Die nach wie vor billigste und blödeste Ausrede ist und bleibt: „Man kann ja doch nichts ändern!“ – Bullenscheiße!

Wer, wenn nicht wir?! Ist die korrekte Antwort darauf.

Und man muss ja nicht gleich sein ganzes Leben umkrempeln. Es gibt ja auch Kleinigkeiten, die gut sind und uns gar nicht weh tun. Na klar, sich vegetarisch zu ernähren, wäre ein guter Schritt, aber zugegeben auch ein großer. Aber es geht auch einfacher. Man kann ganz klein : z.B. weniger oder bewusster Fleisch essen, womöglich in Bio-Qualität und regional!
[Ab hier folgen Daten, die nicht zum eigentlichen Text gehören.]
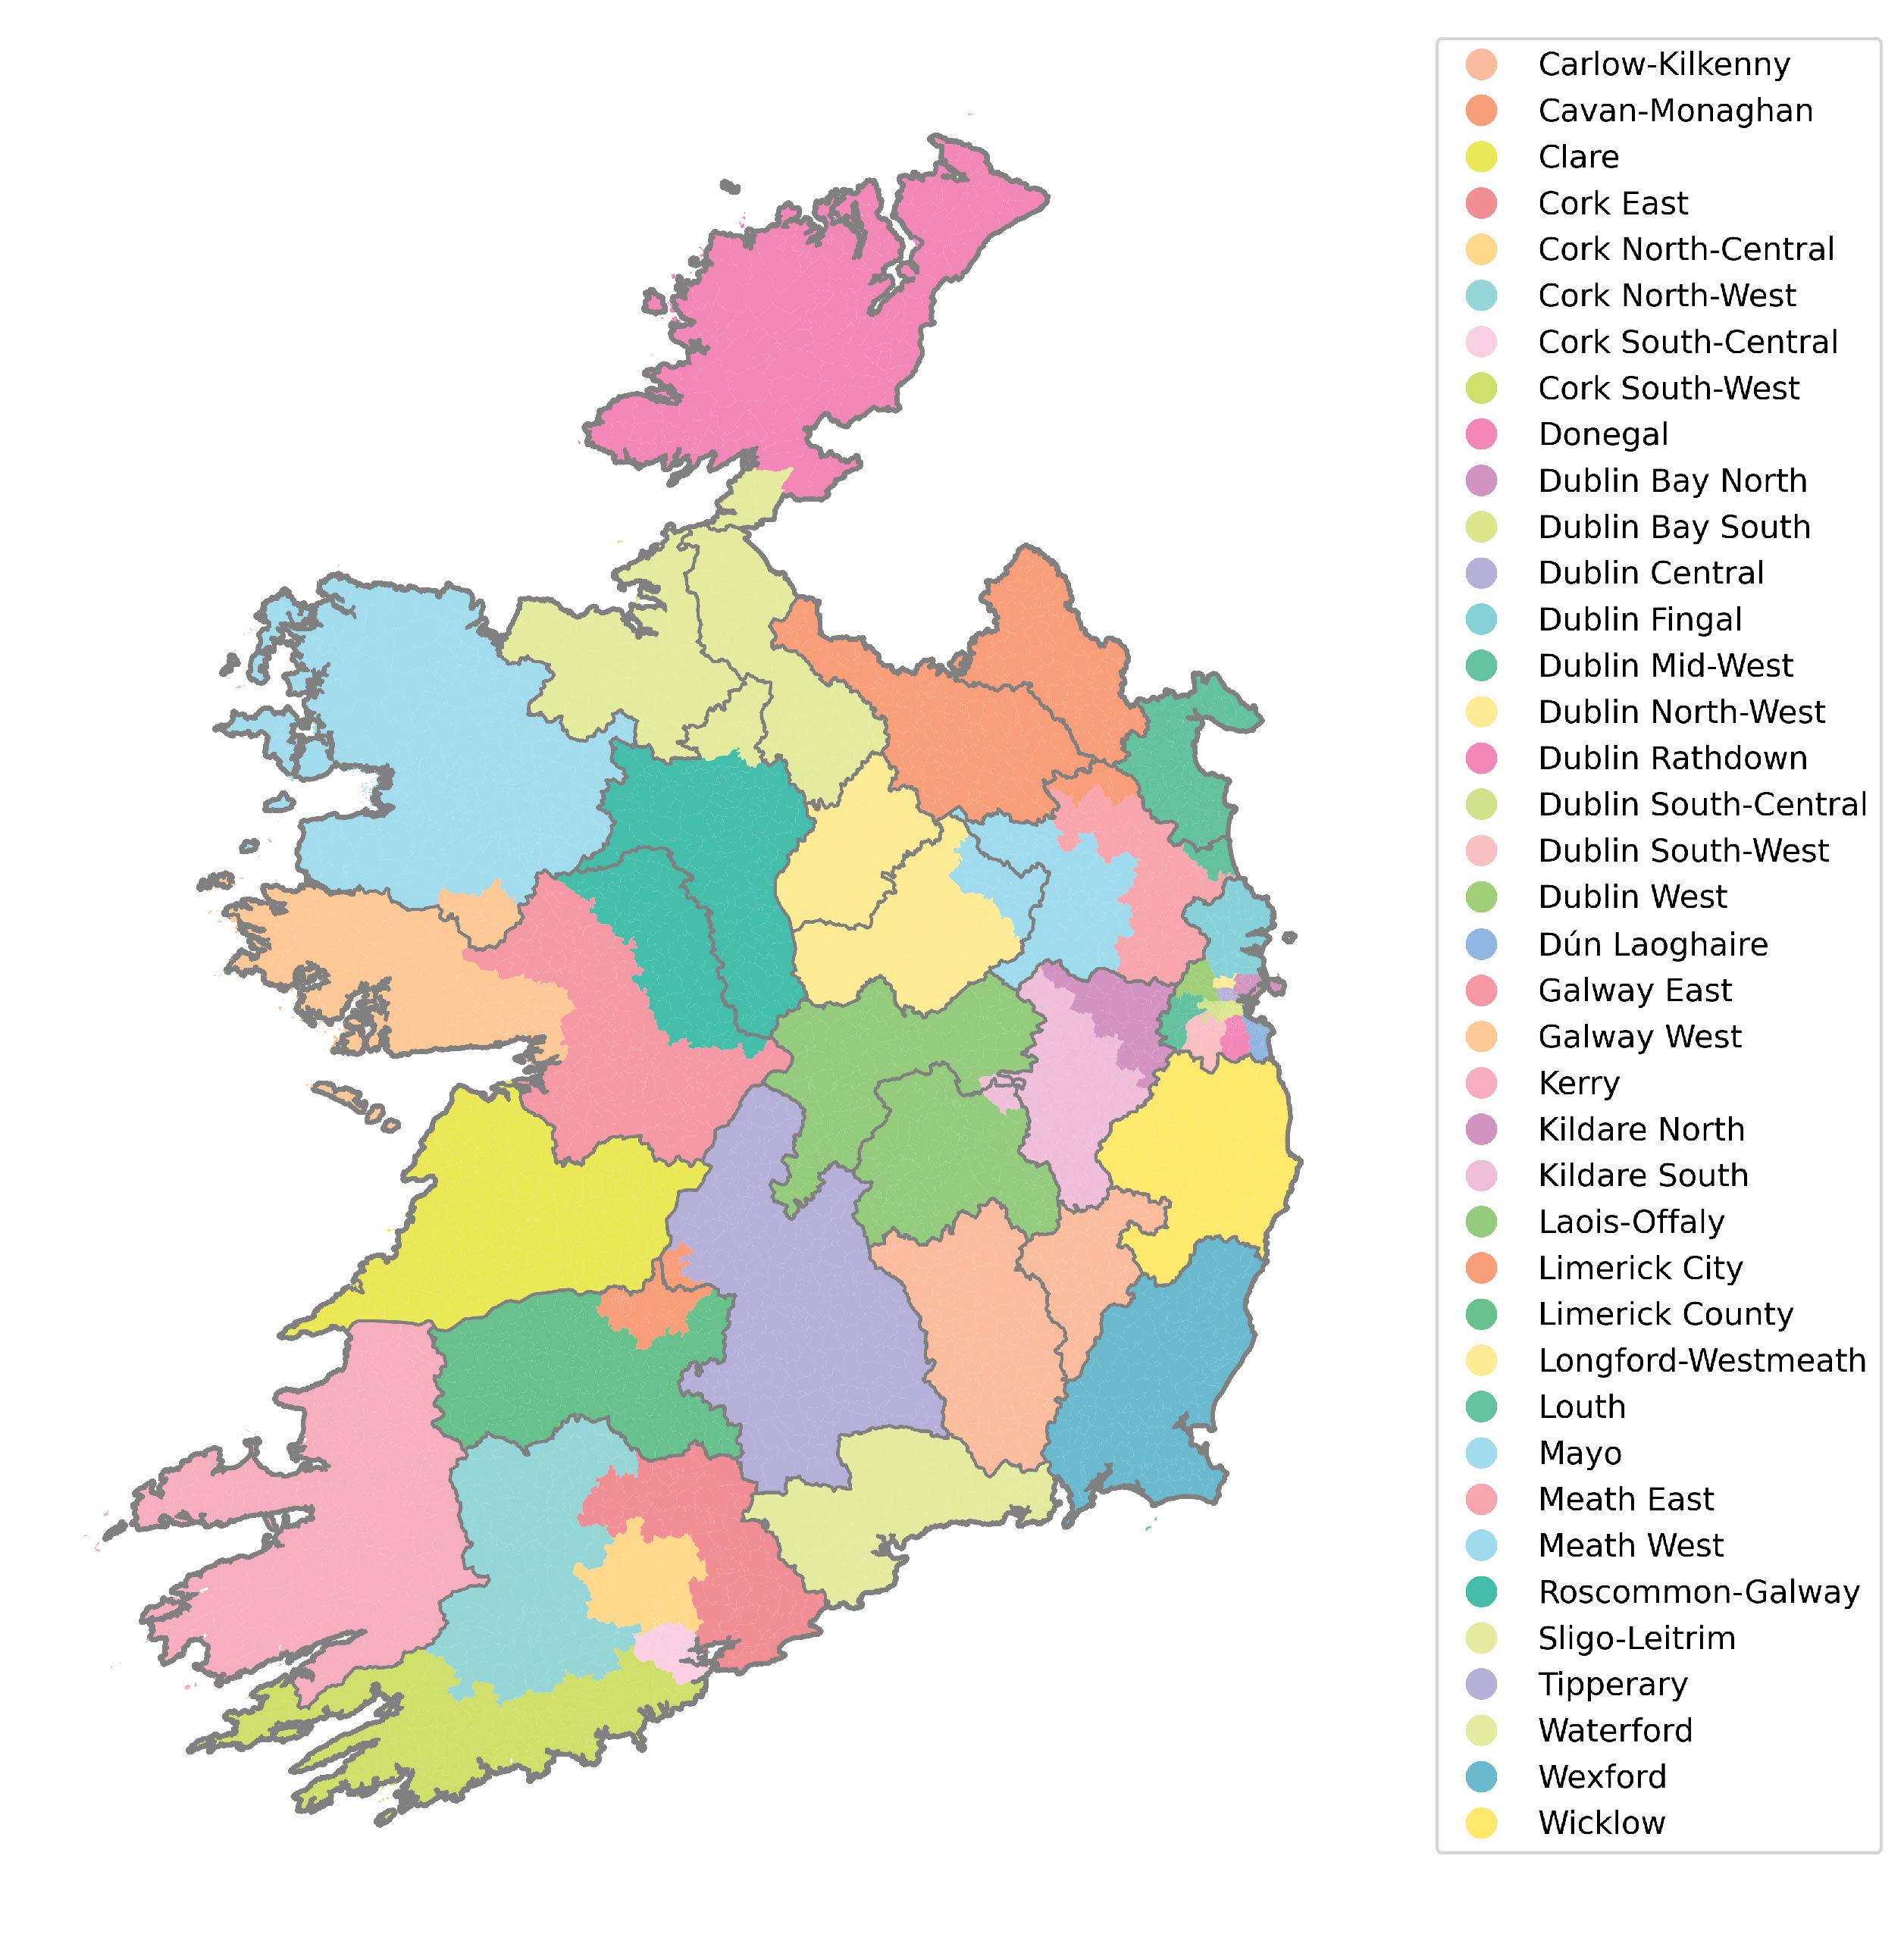 Map of Ireland coloured by constituency, overlaid with county boundaries

Genauso muss man auch gar nicht Google benutzen, um zu googeln. Ich will an dieser Stelle gar keine detaillierte Google-Kritik vom Zaun brechen. Ihr seid ja schon groß. Das wisst ihr vielleicht ja selbst oder könntet das (zumindest if you want) selbst recherchieren. Aber ich sag nur mal: Steuervermeidung im Milliarden-Stil, Wettbewerbsverstöße, Datenschutz sowie Unterstützung von Klimaskeptikern… Reicht vielleicht.
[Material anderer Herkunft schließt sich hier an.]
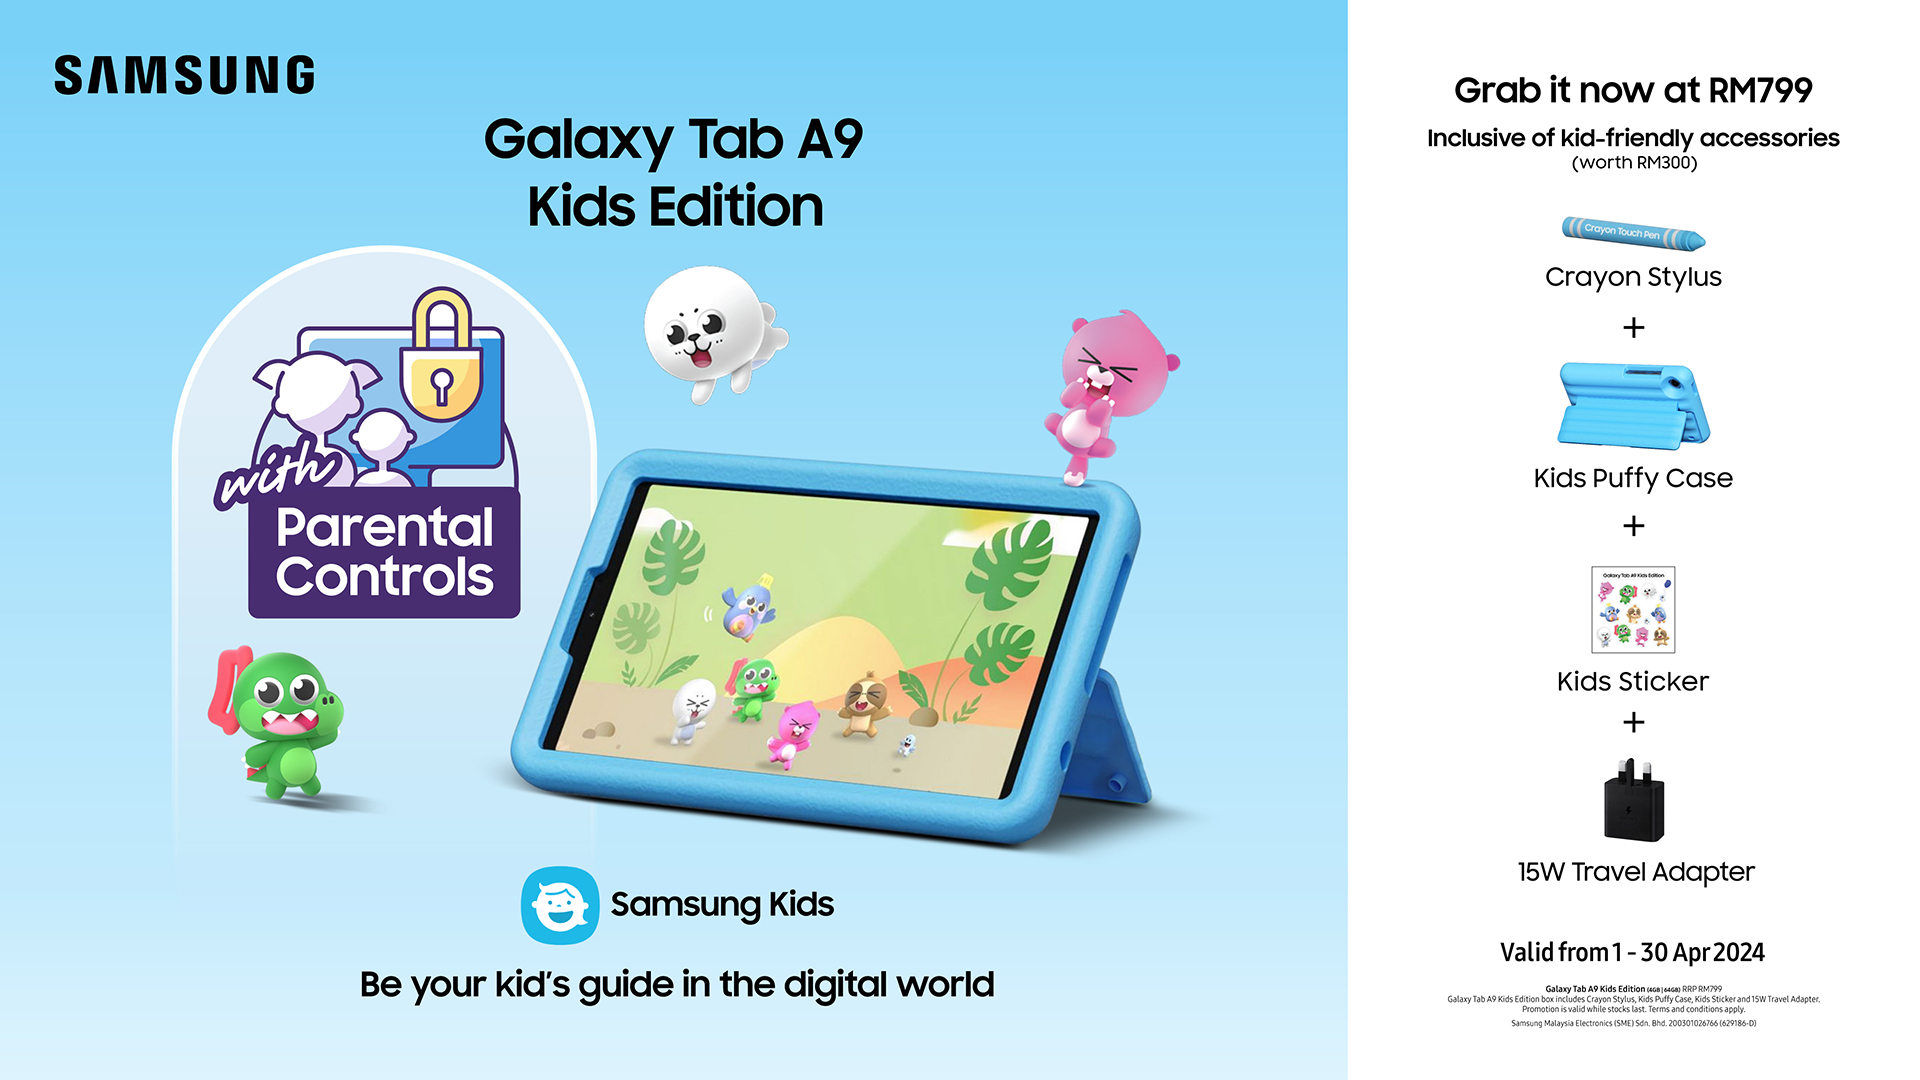 Samsung Galaxy Tab A9 Kids Edition: Child-friendly tablet with crayon stylus for RM799

Ich googel ja inzwischen über Ecosia. Und seitdem fühle ich mich super, schlaf ruhiger und mein Haar hat wieder einen seidigen Glanz.

Ecosia spendet 80% ihrer Gewinne an gemeinnützige Organisationen, die sich hauptsächlich mit Wiederaufforstungsprojekten befassen. Gerade wurde der 40 Millionste Baum gepflanzt.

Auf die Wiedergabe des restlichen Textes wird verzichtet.